First and most importantly, eight out of the 12 selections feature countertenor Alex Potter in settings that also give prime exposure to a pair of trombones and a bassoon. Yet the balance favors the instrumentalists over Potter. For example, there is a section of Ziani’s Alma Redemptoris Mater where the bassoon has a prominent role weaving figurations around the countertenor. Carlos Cristóbal is an excellent bassoonist, but the crisp aural focus that helps display his attractive tone is completely missing from Potter’s microphone placement, whose tone in turn sounds colorless and his voice slightly distant.

And even when he isn’t being challenged by those instrumentalists, Potter’s voice here seems less rich in overtones than on other albums of his. I’ve never found him more than moderately attentive to enunciating consonants, and his lower notes are dull, but his voice has repeatedly struck me in the past as firm, clear, rich at the top, and capable of great agility with seeming ease. Only the agility is evident on this release, when compared with the likes of his album of Zelenka motets (Pan Classics PC10274) and performance as Othniel in Handel’s Joshua (MDG 332 1532). And even his agility in Conti’s Fugga d’una in altra serva shows distressing signs of wear in numerous slurs.
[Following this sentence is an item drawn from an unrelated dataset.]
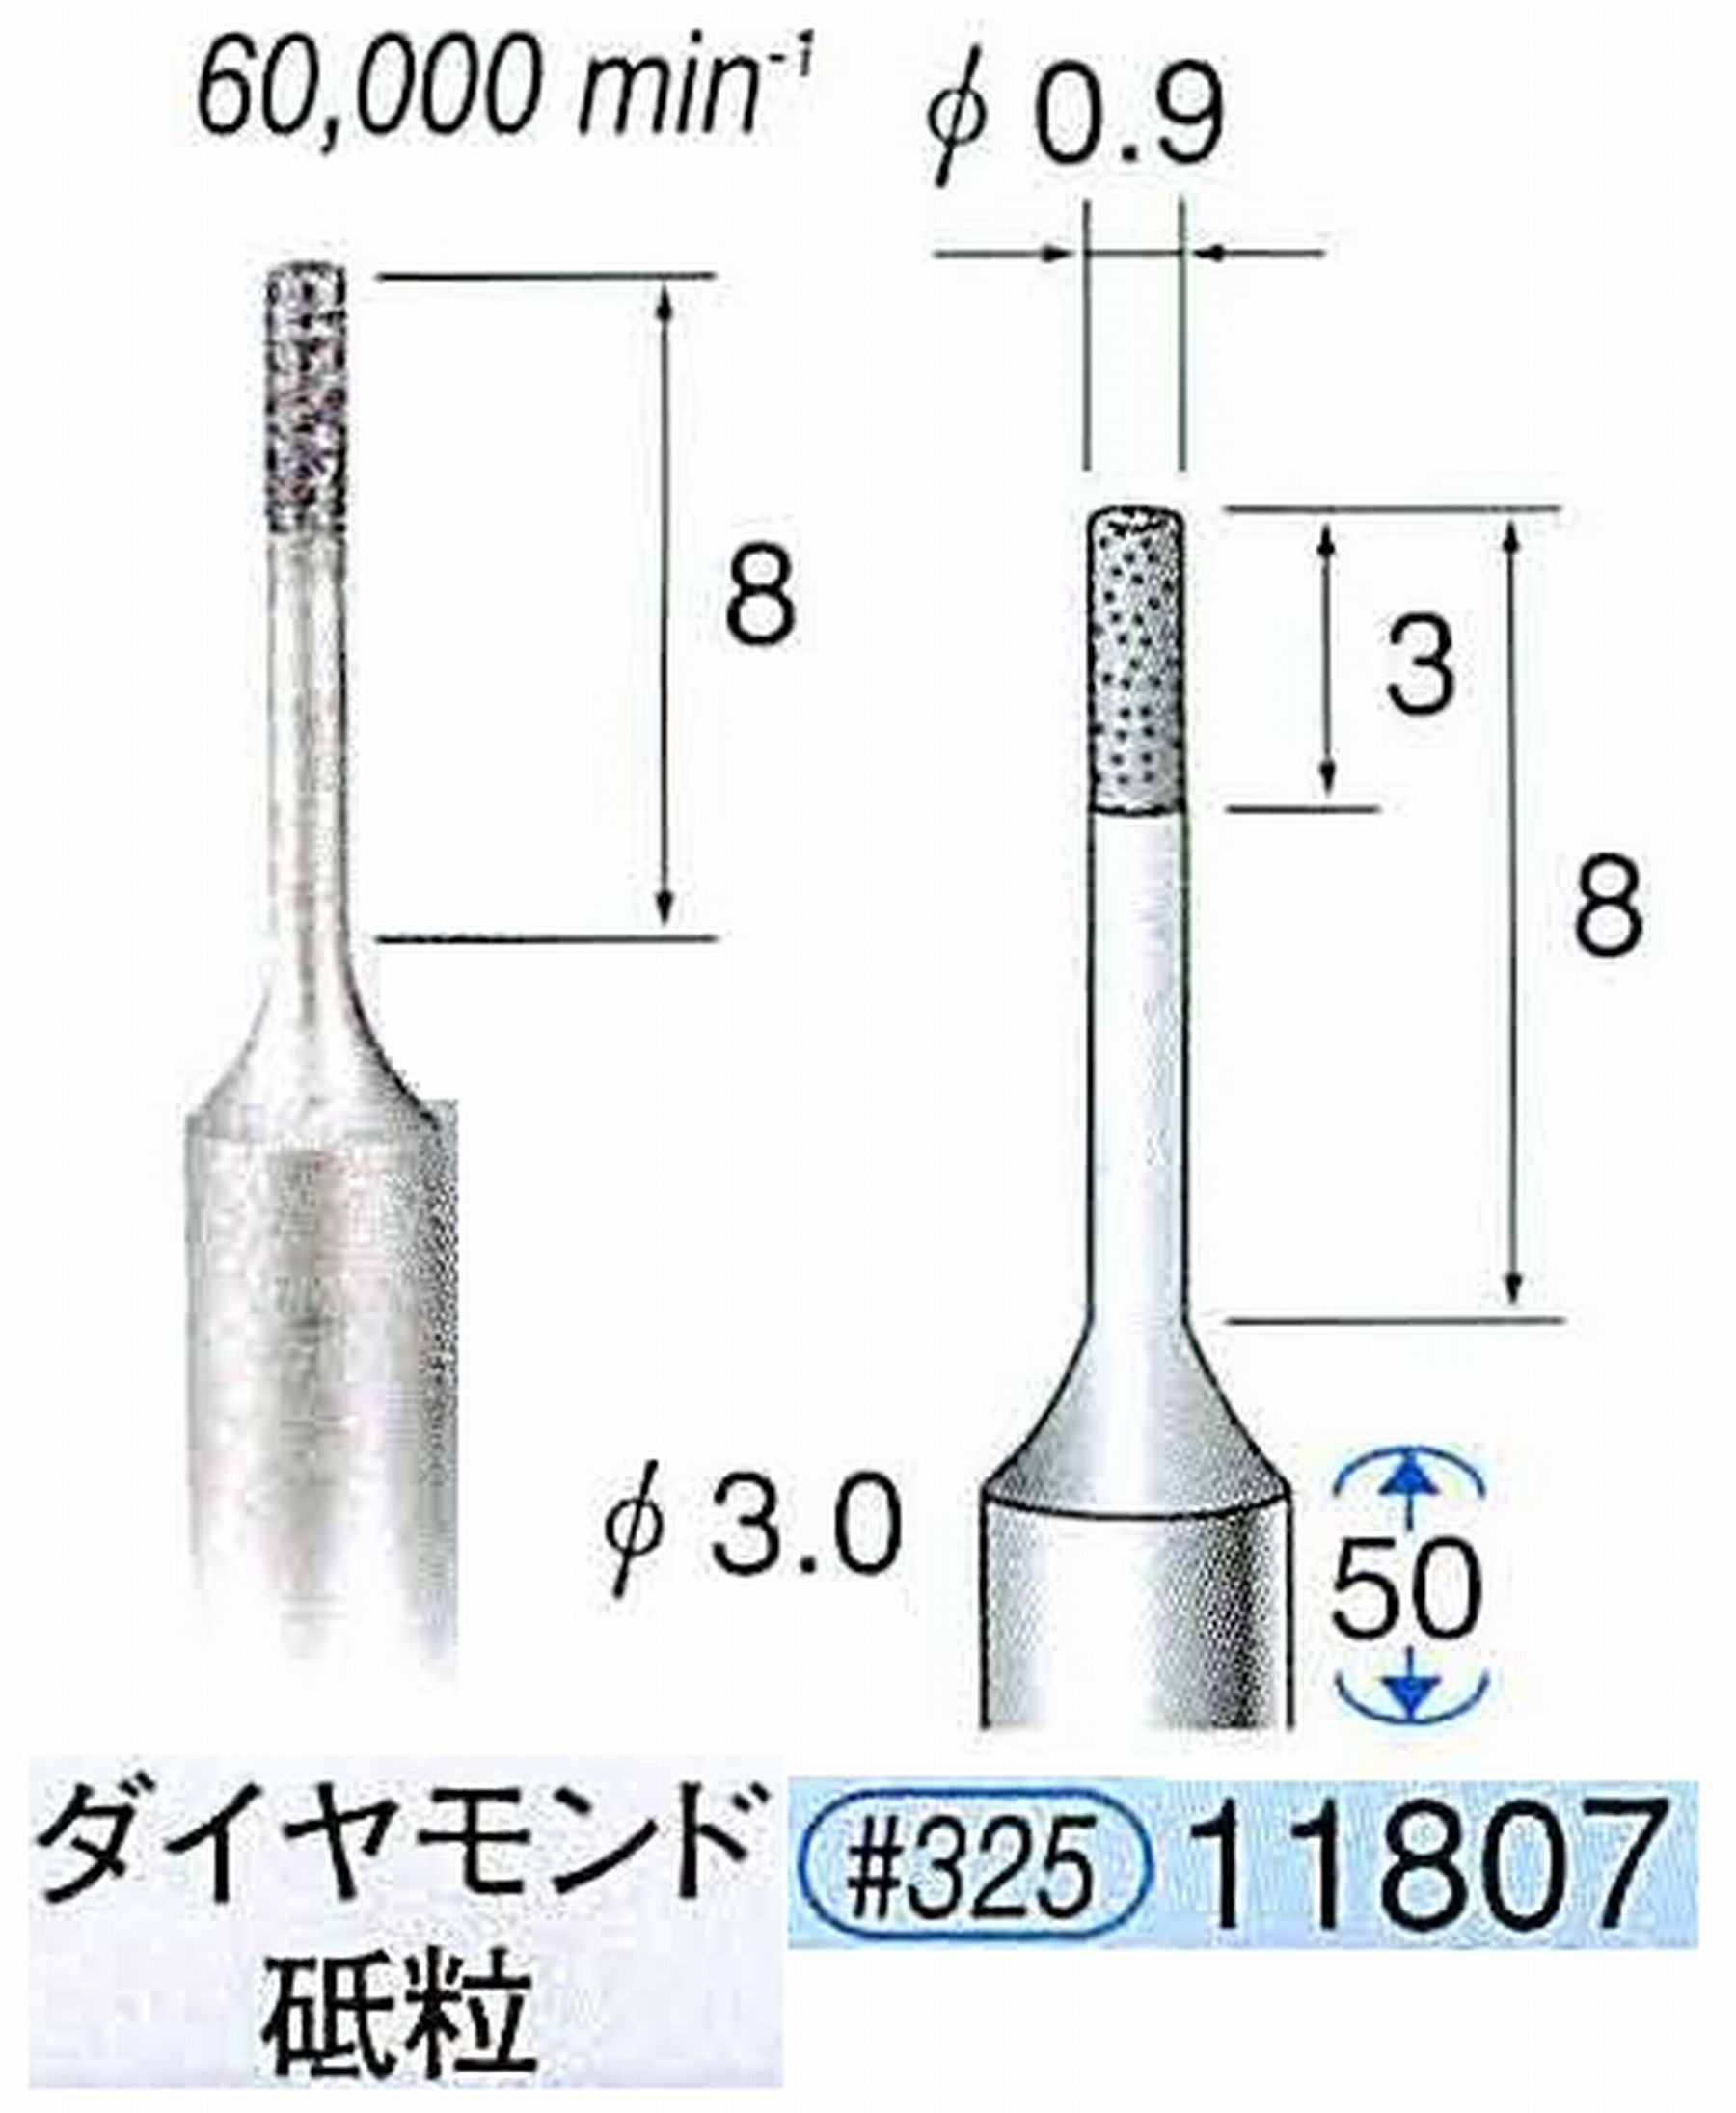 ナカニシ/NAKANISHI SP電着ダイヤモンド ダイヤモンド砥粒 軸径(シャンク)φ3.0mm 11807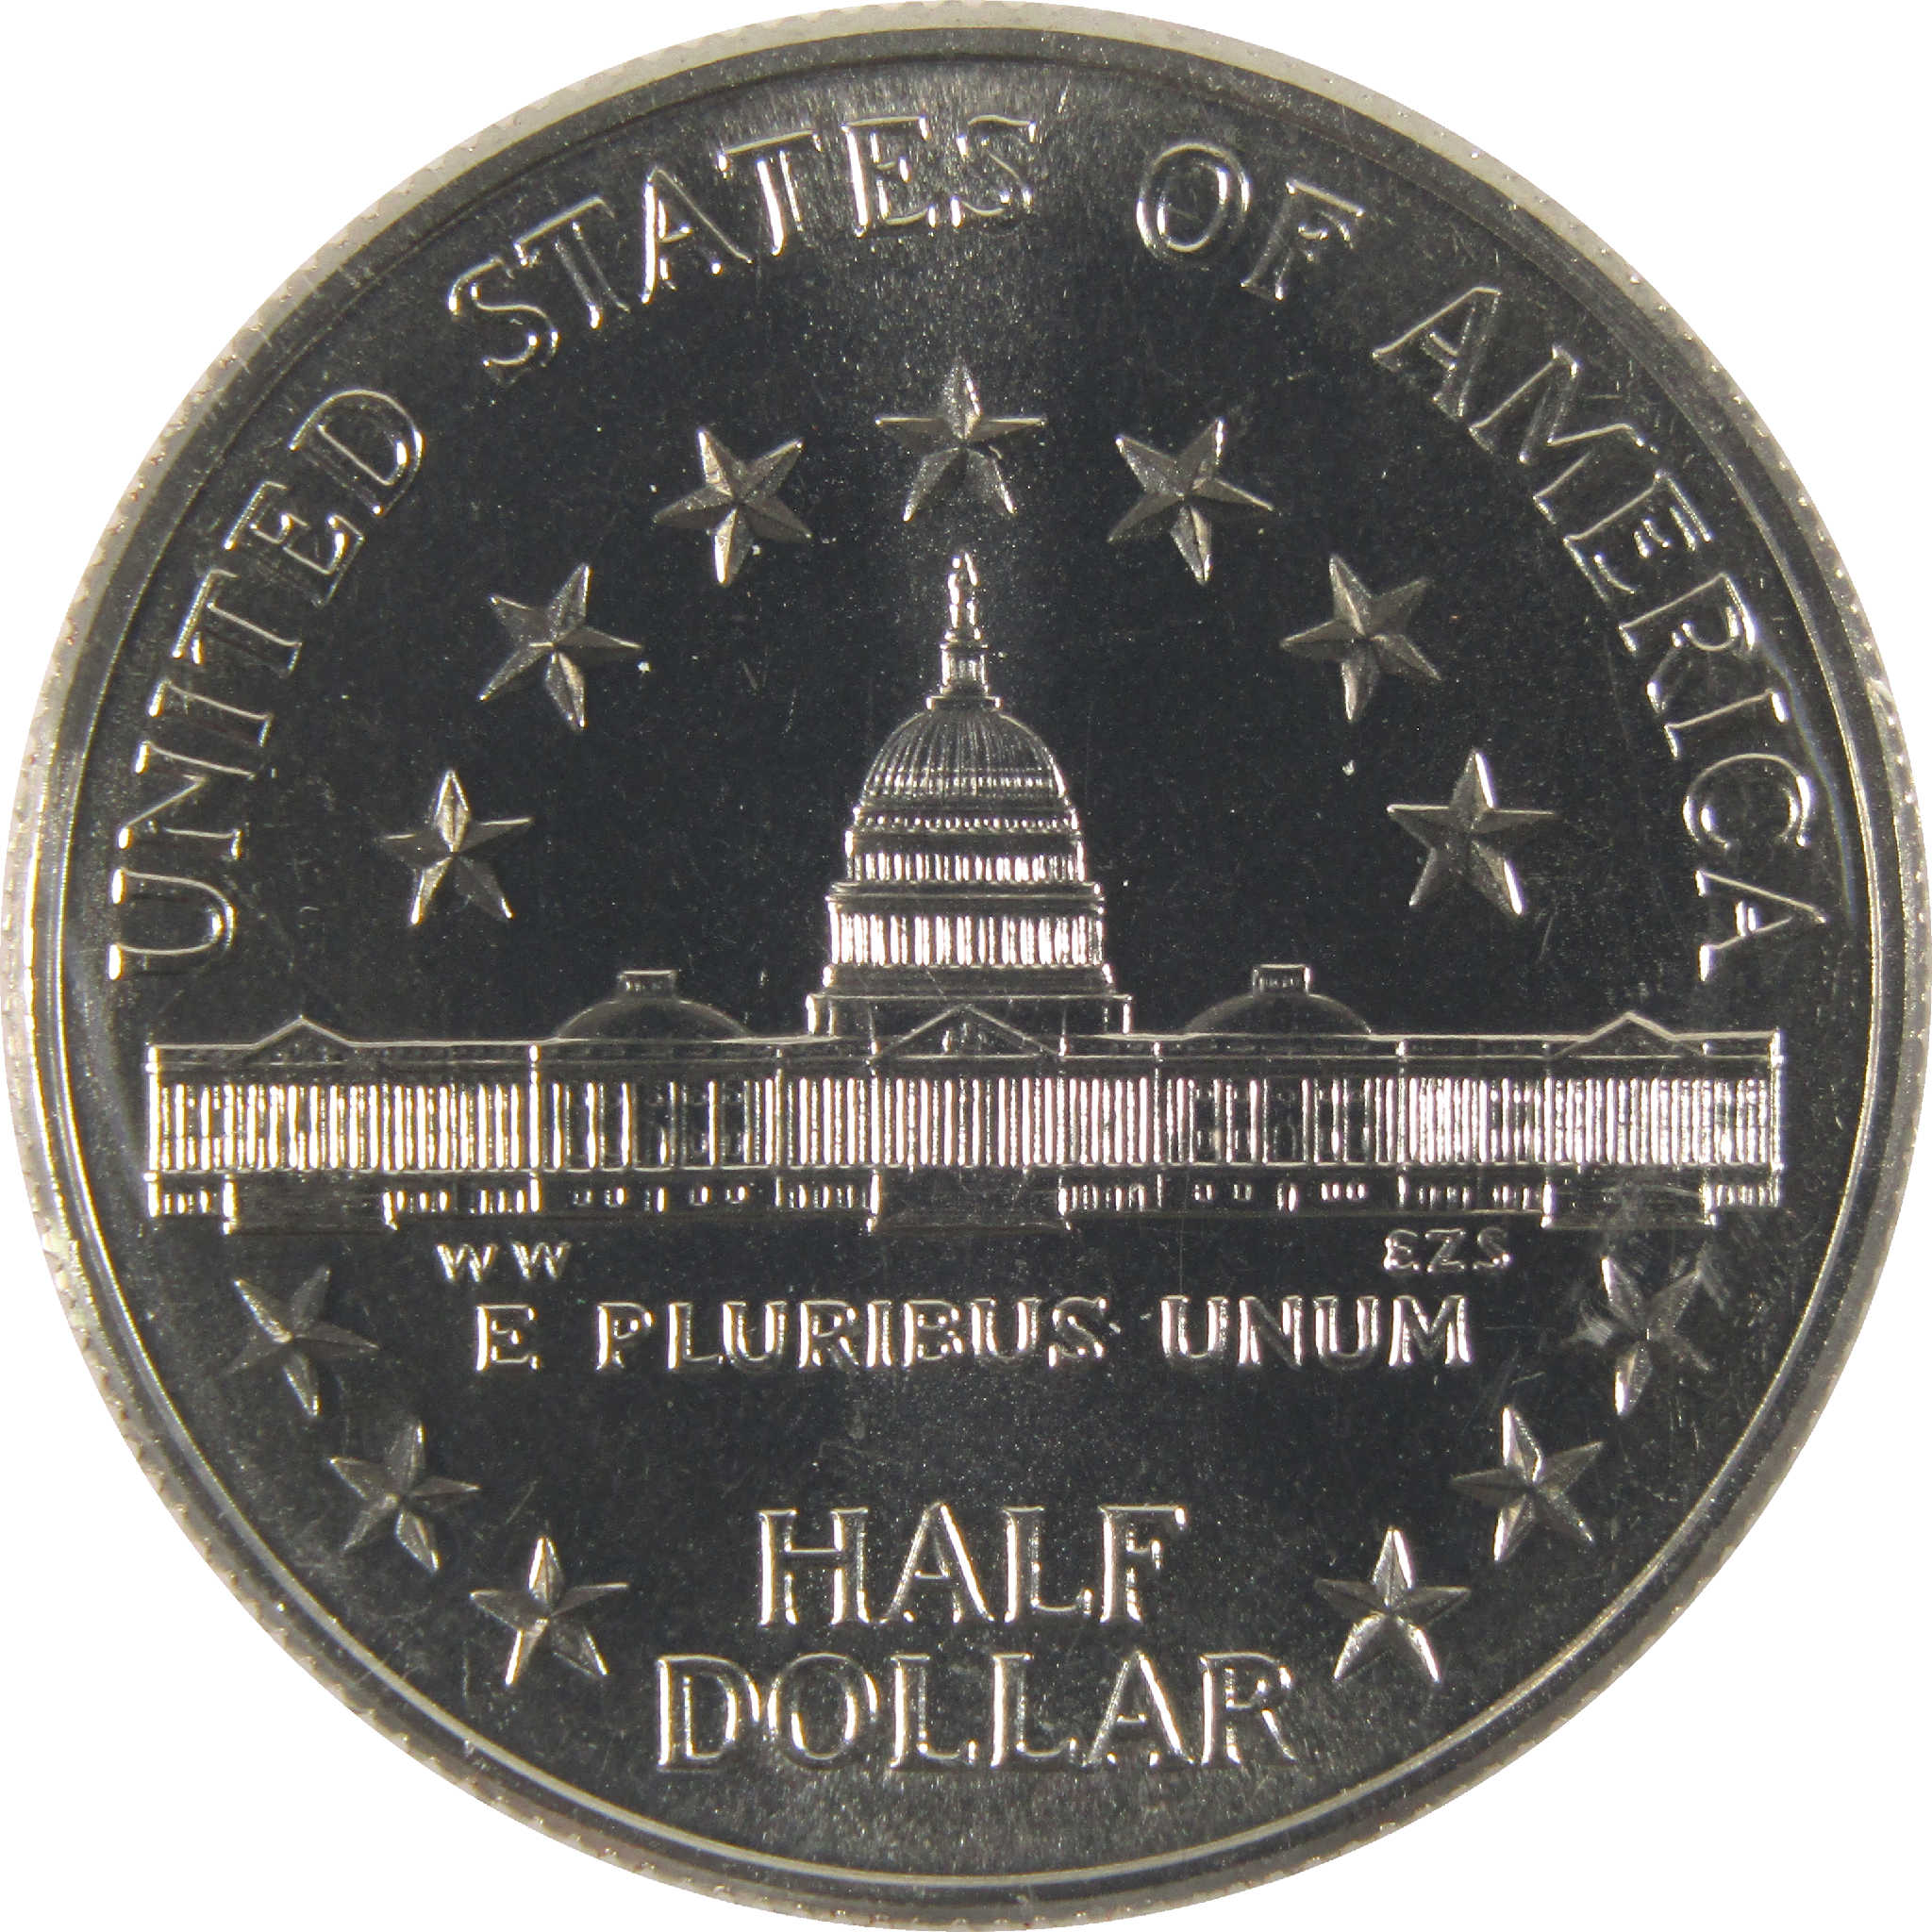 Congress Bicentennial Half Dollar 1989 D Unc Clad OGP COA SKU:CPC6325

It further doesn’t help that, while the rest of the performers are all fine musicians from a technical perspective, almost everything they play here (and this extends to the secular chamber works) is treated with the same air of deliberateness, sobriety, and great restraint. I would except from that a couple of movements from Fux’s Sonata à 3, but the energy isn’t matched by any lightness in phrasing, regardless. Take a pass on this.